The article does omit an important point. It mentions the notorious “rubber rooms” in New York City. Those non-school locations were created as a sort of holding tank for seriously under-performing teachers. The under-performers report there every day to sit around doing nothing while still drawing pay. The rubber rooms were created because existing laws in New York made it difficult and expensive to fire a teacher for poor performance, but some New York City teachers simply could not be trusted with children.
Well, there is an update. New York City has had enough of the rubber room leeches and is now going to do whatever it takes to fire them, as well.
Unfortunately, we know that Kentucky has teacher problems, as well. With over 40,000 teachers in the state, it’s inevitable that a small number really don’t belong there. However, under the umbrella of an overly protectionist teachers’ union and the laws that union has been able to get passed, anything like the Indianapolis and New York City programs is unheard of in Kentucky.
In fact, House Bill 176, currently under debate, reinforces not only the teacher protectionism in existing laws but even the impact of local union contracts on individual school districts.
Sadly, there is a real downside to this even for Kentucky’s teachers.
Too often, the teacher evaluation process has become mostly a rubber stamp operation because nothing generally happens even if frank evaluations are conducted. This lack of candor deprives our teachers of important feedback that they might need to improve. So, teachers don’t get help as problems spiral out of control. That does a disservice to teachers and their students, too.
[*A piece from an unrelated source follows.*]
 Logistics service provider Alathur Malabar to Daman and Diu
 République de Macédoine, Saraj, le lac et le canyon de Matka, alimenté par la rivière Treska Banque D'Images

I do want to be clear on one point. I’d much rather see a weak teacher get help, improve and return to more effective teaching. A teacher willing to undergo more training to improve demonstrates a highly desirable attitude towards improvement, an attitude that should never be ignored. I am also not naive enough to ignore the fact that in any employer-employee situation there can be vendettas, so some teacher protections are certainly warranted.
However, the reality is that while Indianapolis is taking action, right now, to protect students from very seriously under-performing teachers, not one teacher in Kentucky has ever lost certification because of basic inability, or unwillingness, to teach. And, about the only way teachers get routinely and quickly removed from student contact in Kentucky is for flagrant violation of criminal statutes.
We don’t help our students, and we really don’t help our teachers, either, with our overly protectionist policies in Kentucky.